I have to preface this post by saying that I do not advocate tilling of the soil.  However if you are planting a root or tuber crop its a little hard to say don’t till.  That being said, I do not till.  I normally get out the Rogue Hoe and pull the soil back, plant and refill.  I love my hoe and hoeing is a very zen activity for me.  But it is pretty tough on the back and as they say – I ain’t gettin’ any younger.

So when I went out this last weekend to dig a few trenches for potatoes I was both looking forward to it and dreading it at the same time.

I knew where I wanted to plant.  It was an area that was reputed to have tons of woodchips dumped on it.  I knew the area vaguely.  There were a lot of these strange small trees (I really have to ID them come spring) in it so I knew I’d have to chop some of them down as well.  So I chopped one a few times and I saw the whole ground move – what the ???

I grabbed the mangled little tree and pulled and to my surprise the roots came up with it.

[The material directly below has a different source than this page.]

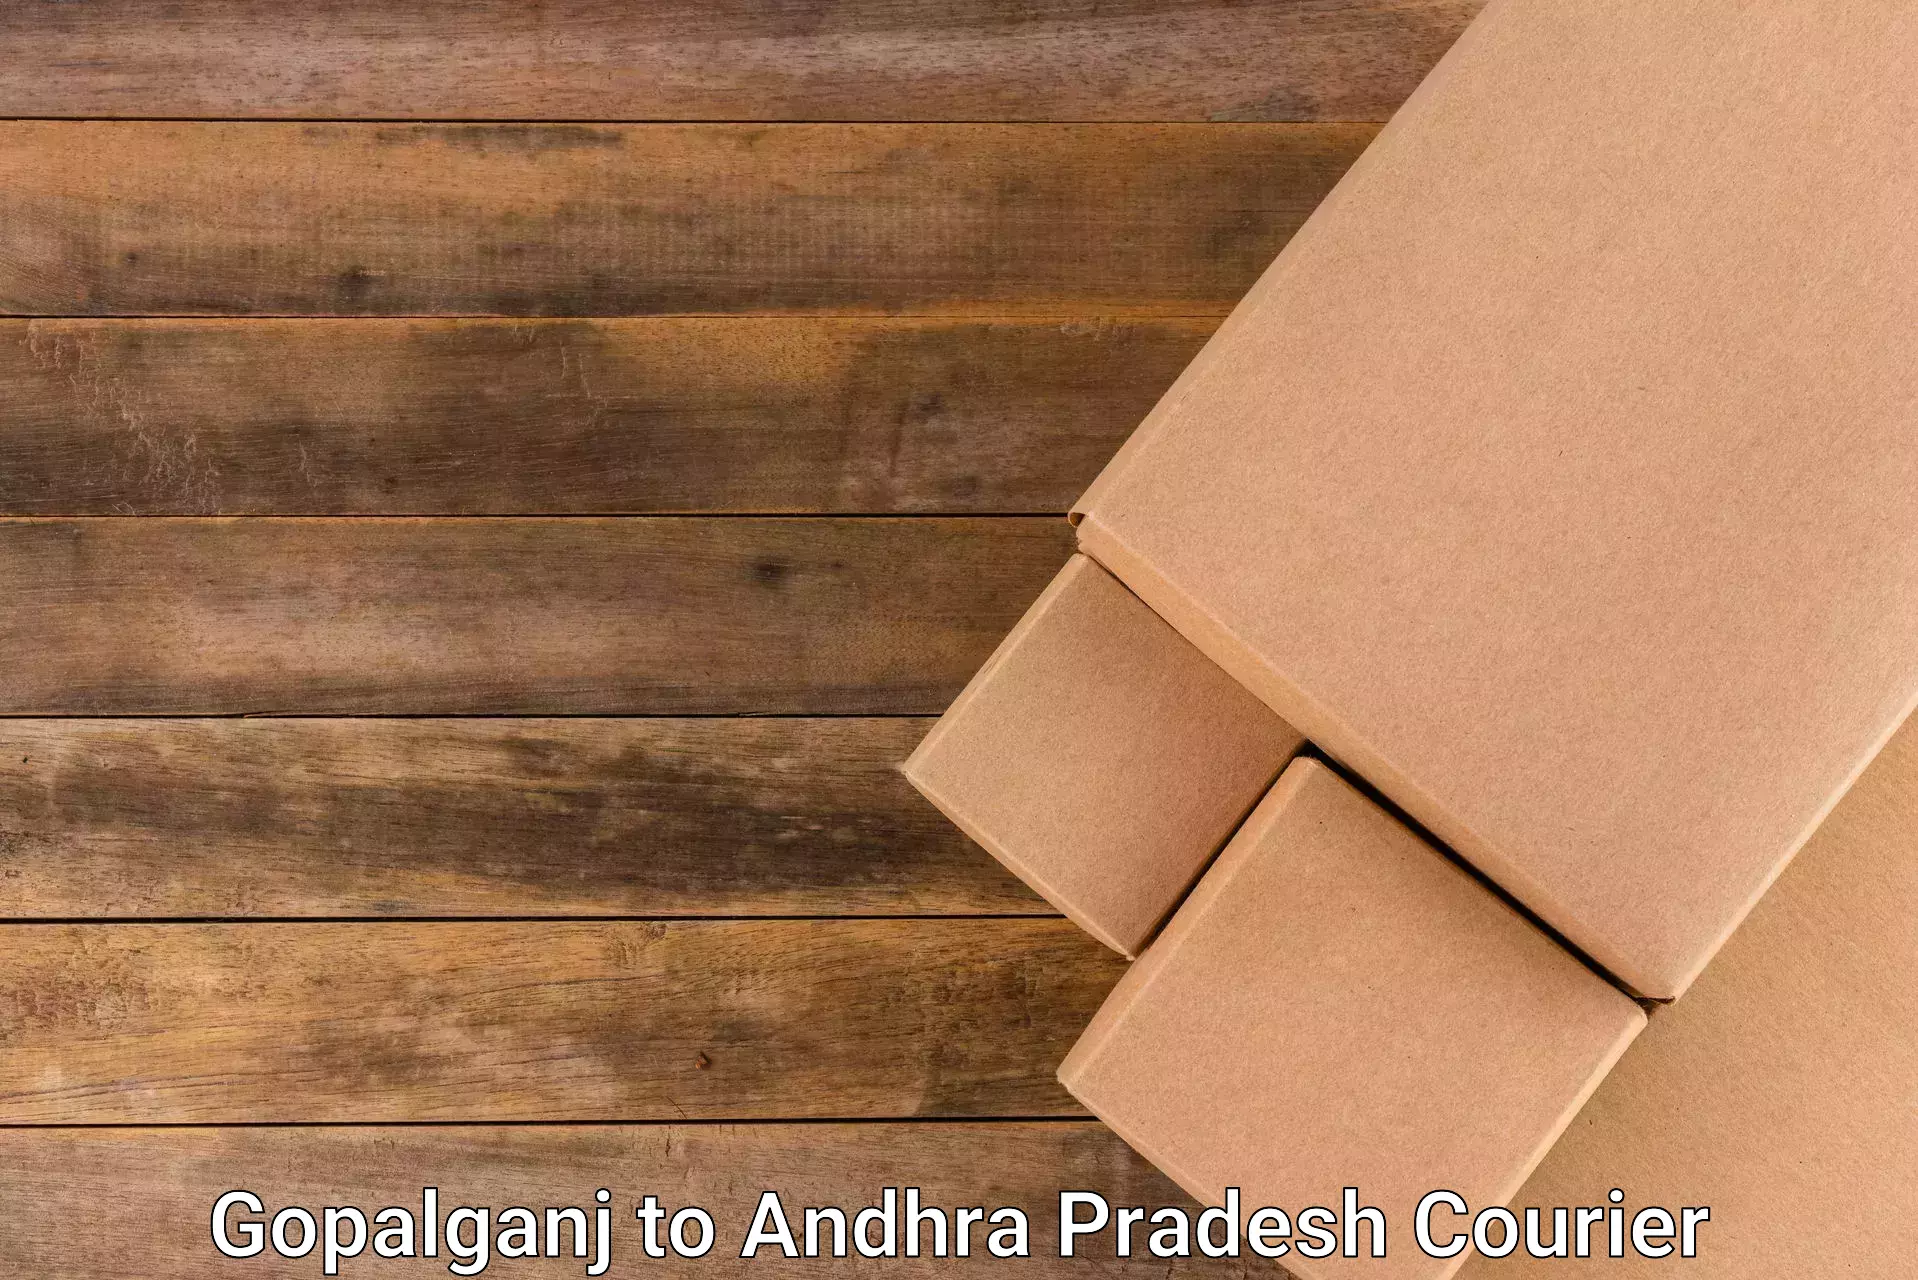 High-speed parcel service Gopalganj to Vijayawada

I pulled harder and more roots.

I kept pulling and more roots.

When I surveyed the result, pulling the roots out had essentially turned the soil and left a nice little trench for planting potatoes.  IT’S SELF-TILLING SOIL (mostly)!

The thought occurred to me.  If you were going to dump some compost on a garden bed for an upcoming planting but you didn’t want to hoe away or till when planting time came you could lay wires or durable strings parallel in the garden and when you were ready to plant simply pull them gently and steadily.  The string would pull the dirt aside and leave perfect little furrows.

Really radically, you could try planting something that was shallow rooted and fast growing (I gotta find out what these trees are!) and pull it out come planting time.  Ok, that might be a little extreme.

All I know is 15 minutes of work and I’m planting potatoes tomorrow!

6 comments to Magically Self-Tilling Soil

  • Rmfaunce2

    Liked this article.  I started permaculture/lasagna gardening 2 years ago.  Hope to have a great garden this year.

    But I am using the old chicken yard to plant Amaranth, and the ground where I have had mulch dumped this past year (for distribution) as a no till potato bed.

  • Jason

    I completely agree.  Love the lasagna garden.  I never put all of my eggs in one basket and neither are you!  I just need more growing room.  I’ve got a little patch that the chickens have pecked bare.  I’ve got a raised bed and I’ve got this new potato patch.  The soil was just too rich! 

  • I can’t ID it for sure but I know around here (Wisconsin) we have a very similar shrub kind of tree that has a red stem, until they get older, then the red fades away. We call them dogwood. Anyways, they do the same thing. Long, shallow roots that when you pull the main stem the root makes a furrow. Nature figured out this business of food production a long time ago 🙂

  • Matthew from Gooseneck, Ga

    Interesting. I am trying to tackle the no filling concept. Naturally everyone down here thinks I am out of my mind!
    How do I plant two acres using no till methods?
    Any suggestions?

  • Anonymous


  • It is one thing to read about tilling but it would be better if photos are provided, which is what you have done in this post. In this way, readers will understand how tilling is done and when to do it especially if they are planning to plant root crops. Thanks for the info!